The company reported revenue of $45.6 billion, up 4.6 per cent from $43.6 billion in the first quarter of 2013. Net profit was $10.2 billion, a 7.4 per cent year-on-year increase. Gross margin was also up, at 39.3 per cent, compared with 37.5 per cent a year previously.

Apple CEO Tim Cook said revenue was ahead of the company’s expectations, and represented a record for the March quarter and a non-holiday quarter.

The iPhone was a key product during the period with 43.7 million devices sold, a record for the March quarter and 17 per cent higher than sales for the same period a year ago.

“These stronger results were broad-based both from a product point of view with demand for each of our three iPhones stronger than its predecessor and from a geographic standpoint,” Cook said, adding that the company increased its smartphone share in a number of developed and emerging markets.

iPhone sales in Japan were up more than 50 per cent year-on-year with Apple establishing an impressive smartphone market share of 55 per cent. A new record for iPhone sales was established in the BRIC markets.

Sales in China were boosted by the addition of China Mobile to the operators selling the iPhone in the country. International sales accounted for 66 per cent of the company’s total revenue for the period.

iPad sales of 16.4 million units were at the high-end of the firm’s expectations but lower than the 19.4 million sold in the same quarter in 2013, and below analyst estimates.

Cook attributed this to Apple reducing its iPad channel inventory during the quarter and a substantial backlog of iPad mini devices at the end of last year that were shipped in March.

“We continue to believe that the tablet market will surpass the PC market in size within the next few years and we believe that Apple will be a major beneficiary of this trend,” Cook noted.
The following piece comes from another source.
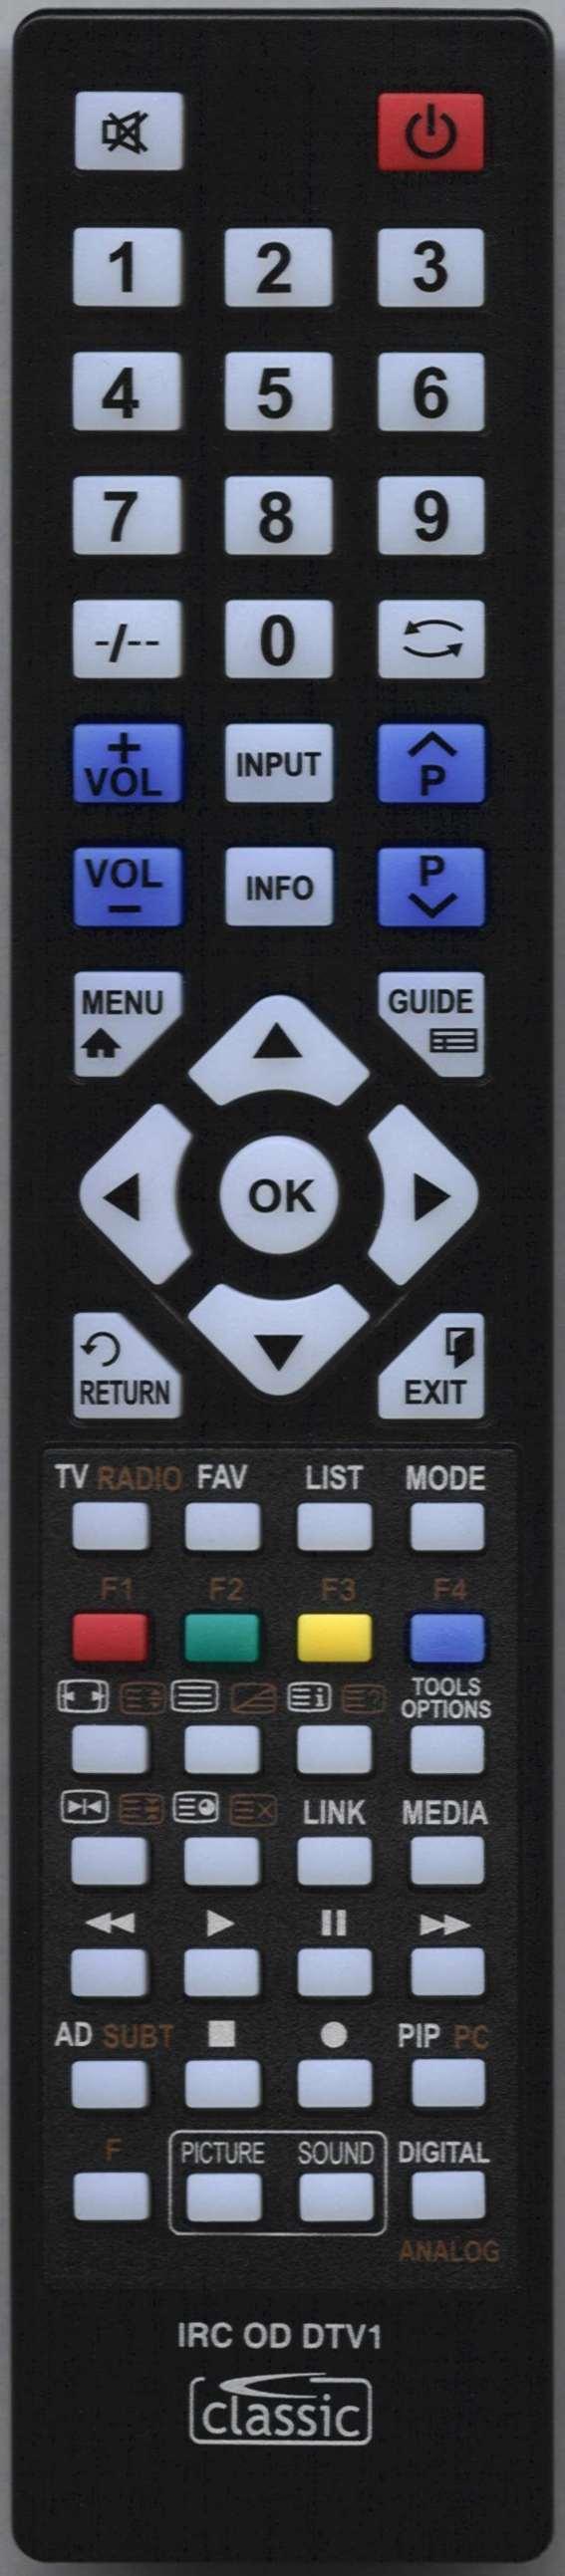 CELLO RCL09F Remote Control

Apple continued to attract new customers with two-thirds of consumers registering an iPad in the past six months being new to the tablet, while more than half of people registering iPhones were new to the Apple smartphone.

During the March quarter the company returned close to $21 billion to shareholders via dividend payments and share repurchases, according to CFO Peter Oppenheimer. These payments brought the total payments under Apple’s capital return programme to $66 billion.

Apple also announced it would add $30 billion to its programme of returning capital to shareholders, bringing the total to $130 billion. It expects to complete the programme, first established two years ago, by the end of 2015.

The majority of the capital return will continue to be carried out via share repurchases although the company plans to increase its dividend payments for the second time in less than two years.

For the current fiscal quarter, Apple forecast revenue of between $36 billion and $38 billion, and a gross margin of 37-38 per cent.